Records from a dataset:
_ _ _ _ _
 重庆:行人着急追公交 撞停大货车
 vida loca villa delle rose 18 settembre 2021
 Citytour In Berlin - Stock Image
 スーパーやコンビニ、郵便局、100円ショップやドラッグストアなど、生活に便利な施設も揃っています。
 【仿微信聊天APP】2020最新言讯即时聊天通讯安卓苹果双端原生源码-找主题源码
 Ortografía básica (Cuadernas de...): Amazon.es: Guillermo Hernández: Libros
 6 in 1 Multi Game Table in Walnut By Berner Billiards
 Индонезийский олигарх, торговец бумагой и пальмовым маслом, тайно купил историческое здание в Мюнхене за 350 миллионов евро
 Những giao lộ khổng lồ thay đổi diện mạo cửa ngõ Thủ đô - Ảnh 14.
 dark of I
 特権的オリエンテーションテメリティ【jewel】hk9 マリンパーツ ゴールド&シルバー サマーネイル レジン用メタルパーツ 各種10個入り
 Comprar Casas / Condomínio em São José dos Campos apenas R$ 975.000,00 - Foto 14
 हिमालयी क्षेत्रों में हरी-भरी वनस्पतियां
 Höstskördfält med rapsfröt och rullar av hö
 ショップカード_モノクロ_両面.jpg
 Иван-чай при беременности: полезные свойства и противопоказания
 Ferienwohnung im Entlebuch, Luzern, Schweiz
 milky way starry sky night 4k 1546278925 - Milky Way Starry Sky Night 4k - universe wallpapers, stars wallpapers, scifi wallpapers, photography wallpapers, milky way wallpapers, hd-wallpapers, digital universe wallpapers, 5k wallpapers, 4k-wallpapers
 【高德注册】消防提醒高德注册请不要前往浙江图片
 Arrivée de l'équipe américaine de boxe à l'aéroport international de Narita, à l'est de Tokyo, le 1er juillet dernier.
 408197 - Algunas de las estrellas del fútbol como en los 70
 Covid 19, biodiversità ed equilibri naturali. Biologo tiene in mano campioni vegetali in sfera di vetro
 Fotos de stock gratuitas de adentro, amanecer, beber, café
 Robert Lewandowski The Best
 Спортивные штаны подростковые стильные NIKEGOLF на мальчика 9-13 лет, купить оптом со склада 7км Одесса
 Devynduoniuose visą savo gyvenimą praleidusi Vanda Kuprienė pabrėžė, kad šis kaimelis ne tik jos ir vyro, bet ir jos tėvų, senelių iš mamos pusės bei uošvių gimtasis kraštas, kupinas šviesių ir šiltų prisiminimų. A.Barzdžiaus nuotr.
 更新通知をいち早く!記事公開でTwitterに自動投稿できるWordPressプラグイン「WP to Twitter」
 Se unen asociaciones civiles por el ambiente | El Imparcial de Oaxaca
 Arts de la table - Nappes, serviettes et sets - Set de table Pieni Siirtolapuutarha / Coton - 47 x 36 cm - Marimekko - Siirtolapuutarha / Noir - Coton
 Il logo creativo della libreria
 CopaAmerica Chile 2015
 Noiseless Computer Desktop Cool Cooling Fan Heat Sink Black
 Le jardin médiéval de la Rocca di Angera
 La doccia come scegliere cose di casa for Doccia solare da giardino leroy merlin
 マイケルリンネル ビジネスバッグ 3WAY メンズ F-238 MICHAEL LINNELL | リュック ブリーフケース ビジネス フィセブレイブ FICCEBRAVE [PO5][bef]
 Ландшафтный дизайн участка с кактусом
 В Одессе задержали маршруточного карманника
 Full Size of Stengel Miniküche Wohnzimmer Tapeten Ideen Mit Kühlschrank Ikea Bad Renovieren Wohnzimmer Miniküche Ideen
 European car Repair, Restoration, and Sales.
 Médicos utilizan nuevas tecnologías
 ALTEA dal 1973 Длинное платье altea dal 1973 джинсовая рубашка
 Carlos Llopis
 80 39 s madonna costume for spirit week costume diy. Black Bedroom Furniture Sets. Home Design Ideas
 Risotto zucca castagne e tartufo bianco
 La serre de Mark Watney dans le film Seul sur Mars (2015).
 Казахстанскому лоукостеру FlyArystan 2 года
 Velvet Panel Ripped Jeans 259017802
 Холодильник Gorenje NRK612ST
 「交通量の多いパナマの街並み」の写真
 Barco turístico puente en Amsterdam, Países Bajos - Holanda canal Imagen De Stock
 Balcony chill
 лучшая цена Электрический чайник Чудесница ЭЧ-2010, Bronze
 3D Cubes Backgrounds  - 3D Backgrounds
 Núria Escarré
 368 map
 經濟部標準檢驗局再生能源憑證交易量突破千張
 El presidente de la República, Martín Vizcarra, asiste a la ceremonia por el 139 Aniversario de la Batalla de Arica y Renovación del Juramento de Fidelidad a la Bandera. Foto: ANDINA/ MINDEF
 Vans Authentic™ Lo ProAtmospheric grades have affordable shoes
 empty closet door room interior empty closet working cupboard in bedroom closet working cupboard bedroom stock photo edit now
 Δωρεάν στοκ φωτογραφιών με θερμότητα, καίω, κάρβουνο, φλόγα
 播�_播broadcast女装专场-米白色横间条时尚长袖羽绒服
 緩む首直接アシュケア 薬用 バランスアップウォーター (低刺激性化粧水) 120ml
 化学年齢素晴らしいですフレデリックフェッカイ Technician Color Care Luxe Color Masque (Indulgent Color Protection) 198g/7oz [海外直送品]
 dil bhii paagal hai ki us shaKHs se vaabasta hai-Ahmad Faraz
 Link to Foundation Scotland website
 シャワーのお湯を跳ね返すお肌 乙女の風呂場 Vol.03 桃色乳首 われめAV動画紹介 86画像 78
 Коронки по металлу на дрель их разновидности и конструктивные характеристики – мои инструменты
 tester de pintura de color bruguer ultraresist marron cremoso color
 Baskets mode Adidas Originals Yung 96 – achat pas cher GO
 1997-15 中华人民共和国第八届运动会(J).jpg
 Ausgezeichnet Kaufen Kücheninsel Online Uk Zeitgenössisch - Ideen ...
_ _ _ _ _
◆ **WHAT NEEDS TO BE DONE**:
Each line from the top of the records above through the line containing "Comprar Casas /" needs to be transcribed exactly, and no line after it.

◆ **TASK RESPONSE**:
 重庆:行人着急追公交 撞停大货车
 vida loca villa delle rose 18 settembre 2021
 Citytour In Berlin - Stock Image
 スーパーやコンビニ、郵便局、100円ショップやドラッグストアなど、生活に便利な施設も揃っています。
 【仿微信聊天APP】2020最新言讯即时聊天通讯安卓苹果双端原生源码-找主题源码
 Ortografía básica (Cuadernas de...): Amazon.es: Guillermo Hernández: Libros
 6 in 1 Multi Game Table in Walnut By Berner Billiards
 Индонезийский олигарх, торговец бумагой и пальмовым маслом, тайно купил историческое здание в Мюнхене за 350 миллионов евро
 Những giao lộ khổng lồ thay đổi diện mạo cửa ngõ Thủ đô - Ảnh 14.
 dark of I
 特権的オリエンテーションテメリティ【jewel】hk9 マリンパーツ ゴールド&シルバー サマーネイル レジン用メタルパーツ 各種10個入り
 Comprar Casas / Condomínio em São José dos Campos apenas R$ 975.000,00 - Foto 14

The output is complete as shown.